▶ Task to carry out
Repeat the entire listing exactly. Omit all pictures.

Provided data Block Start

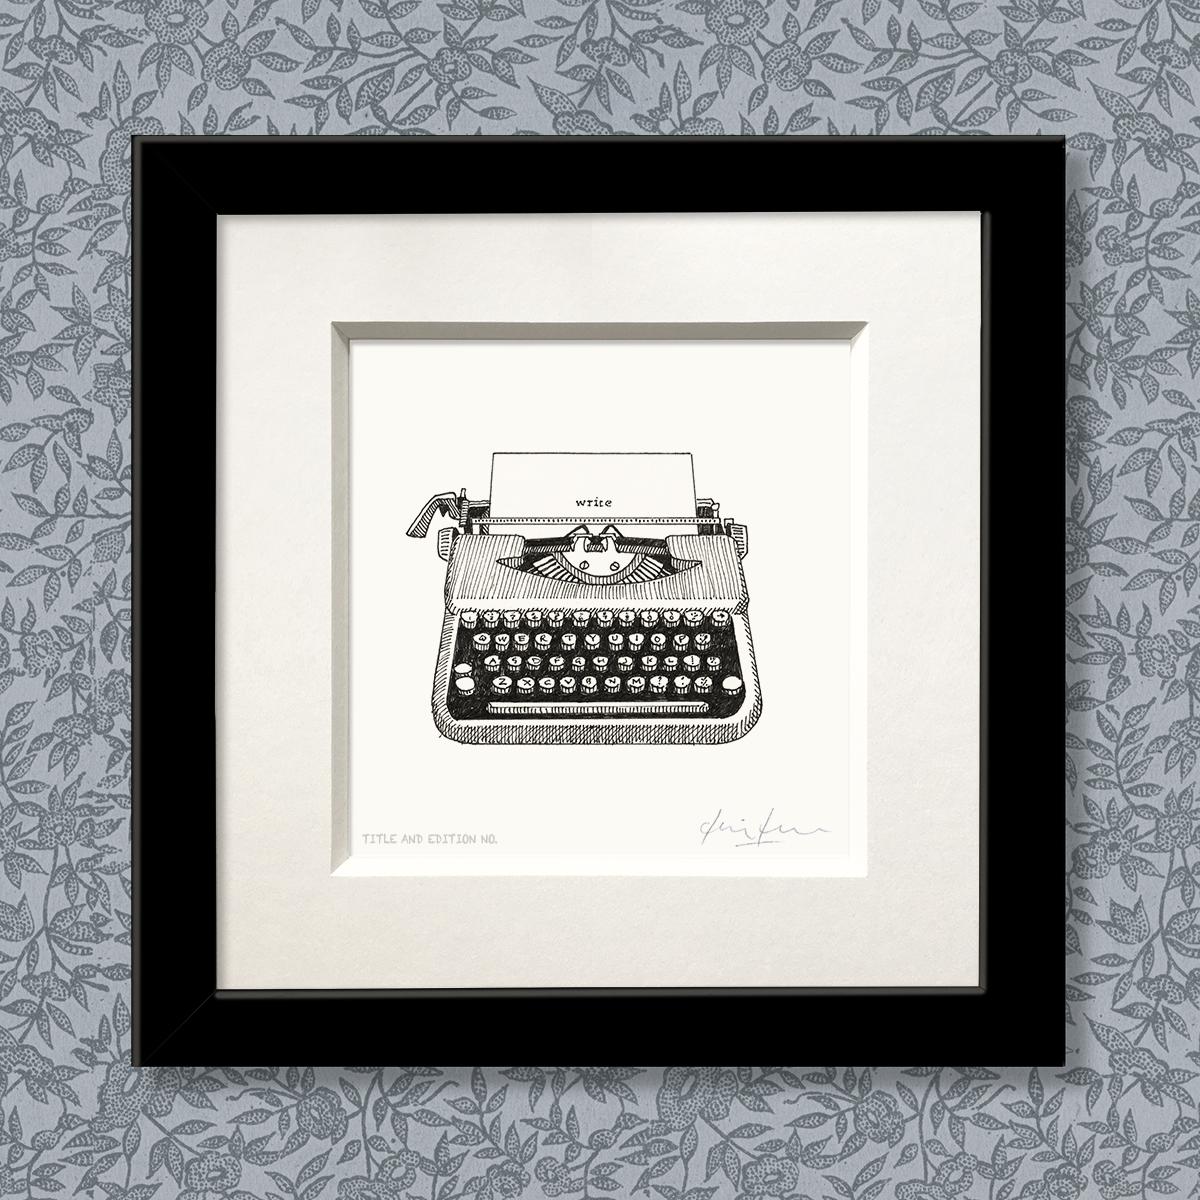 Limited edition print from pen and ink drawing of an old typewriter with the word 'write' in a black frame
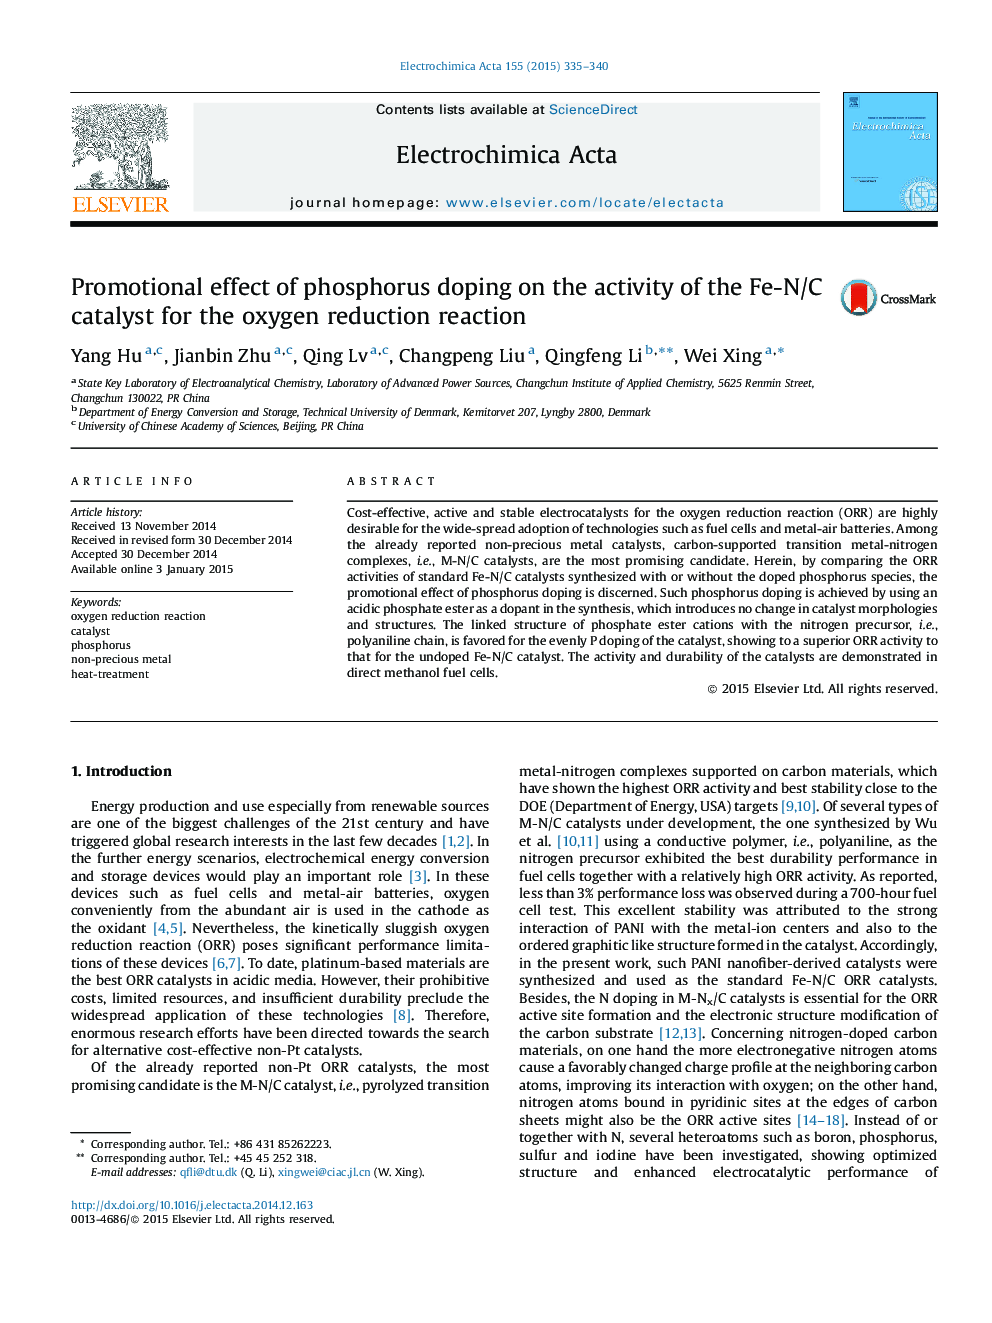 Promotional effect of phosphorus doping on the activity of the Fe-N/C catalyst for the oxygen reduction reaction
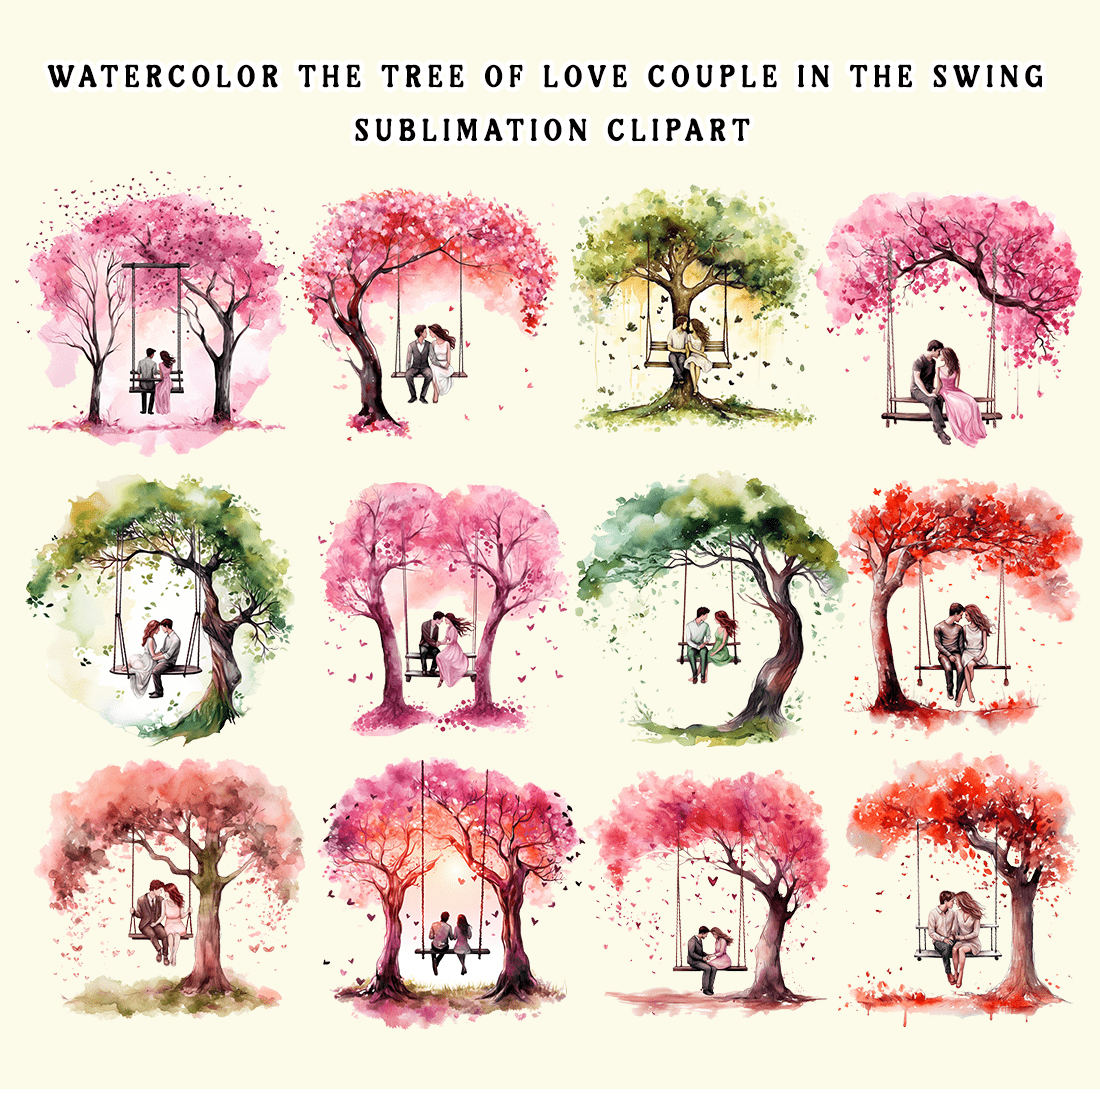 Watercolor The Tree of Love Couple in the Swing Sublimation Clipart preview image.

Provided data Block End

▶ Response
 Limited edition print from pen and ink drawing of an old typewriter with the word 'write' in a black frame
 Promotional effect of phosphorus doping on the activity of the Fe-N/C catalyst for the oxygen reduction reaction
 Watercolor The Tree of Love Couple in the Swing Sublimation Clipart preview image.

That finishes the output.